The derivation establishes the nearly Toeplitz character of the space-time system matrices directly from the isogeometric assembly with maximal-regularity B-splines, then obtains the weak well-conditioning bound by symbol analysis of those matrices; unconditional stability is a consequence of the bound rather than an input to the matrix classification. Mass and energy preservation at final time is shown via a separate algebraic identity on the discrete operators. No step reduces a claimed prediction to a fitted quantity or to a self-citation whose validity is presupposed; the argument is self-contained against the explicit stencil structure and does not invoke uniqueness theorems or ansatzes imported from prior work by the same authors.
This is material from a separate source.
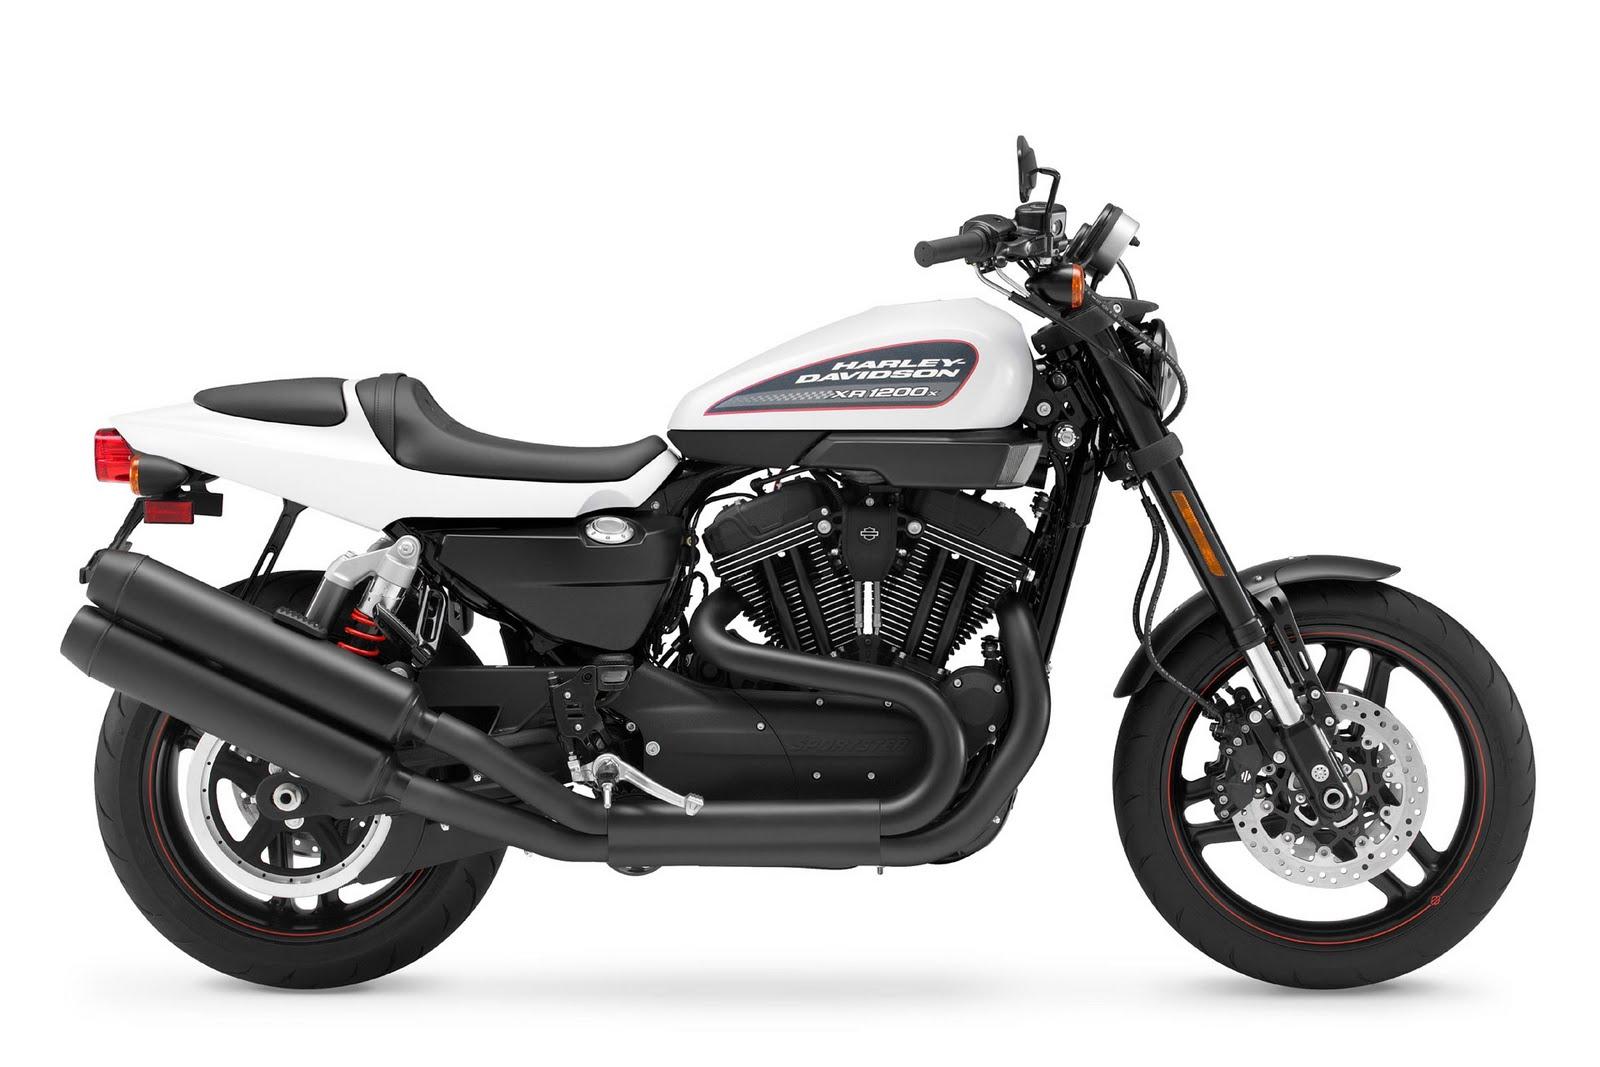 http://1.bp.blogspot.com/_J3_liDBfbvs/TBWvtrofMmI/AAAAAAAAtd8/AtLUMTtBfVQ/s1600/2011-Harley-Davidson-XR1200X-Wallpaper.jpg
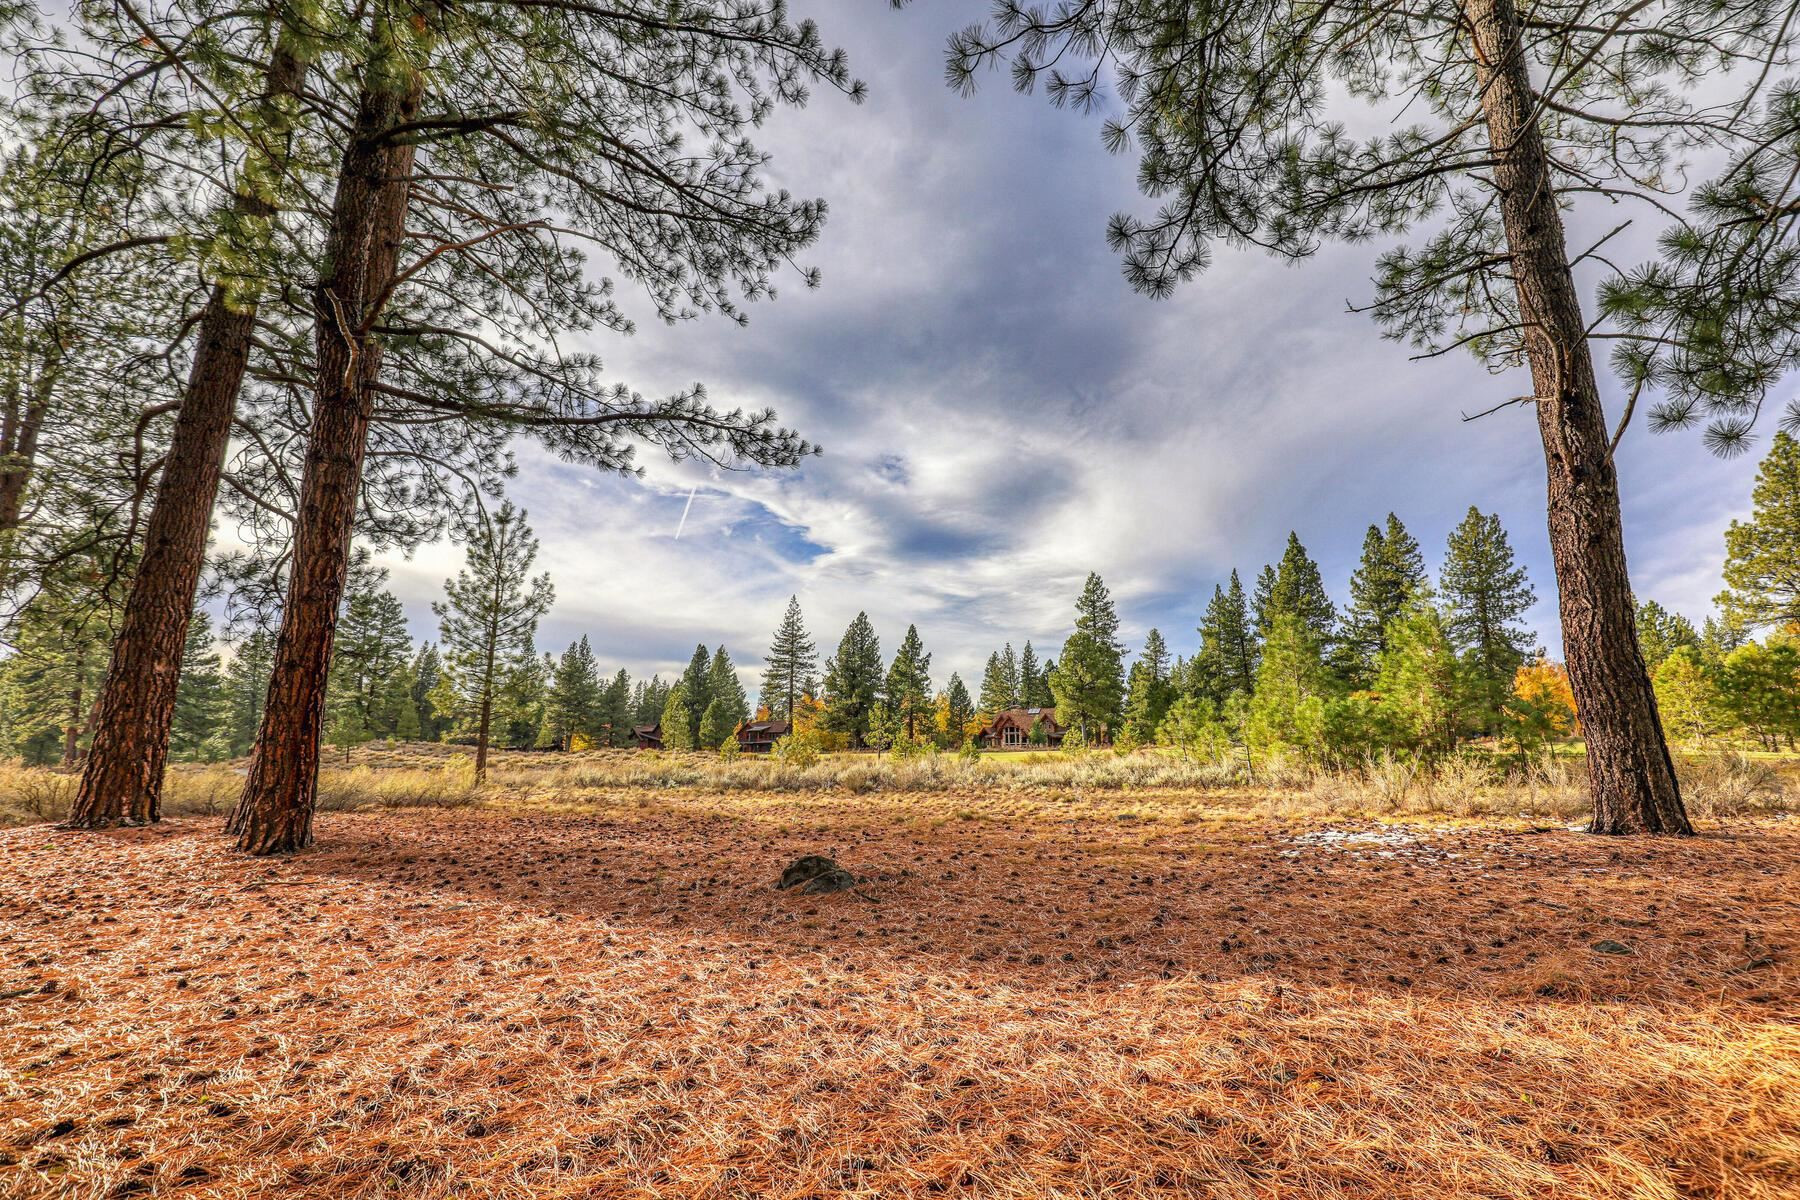 Image for 13058 Lookout Loop, Truckee, CA 96161-4321

Axiom & Free-Parameter Ledger

0 free parameters · 1 axioms · 0 invented entities

The paper relies on standard properties of B-splines and Toeplitz matrices; no new free parameters, ad-hoc axioms, or invented entities are introduced in the abstract.

axioms (1)
  • domain assumption B-spline bases of maximal regularity generate system matrices whose symbols admit a uniform bound on the condition number independent of mesh size and time step.
    Invoked to replace variational coercivity arguments when support is nonlocal.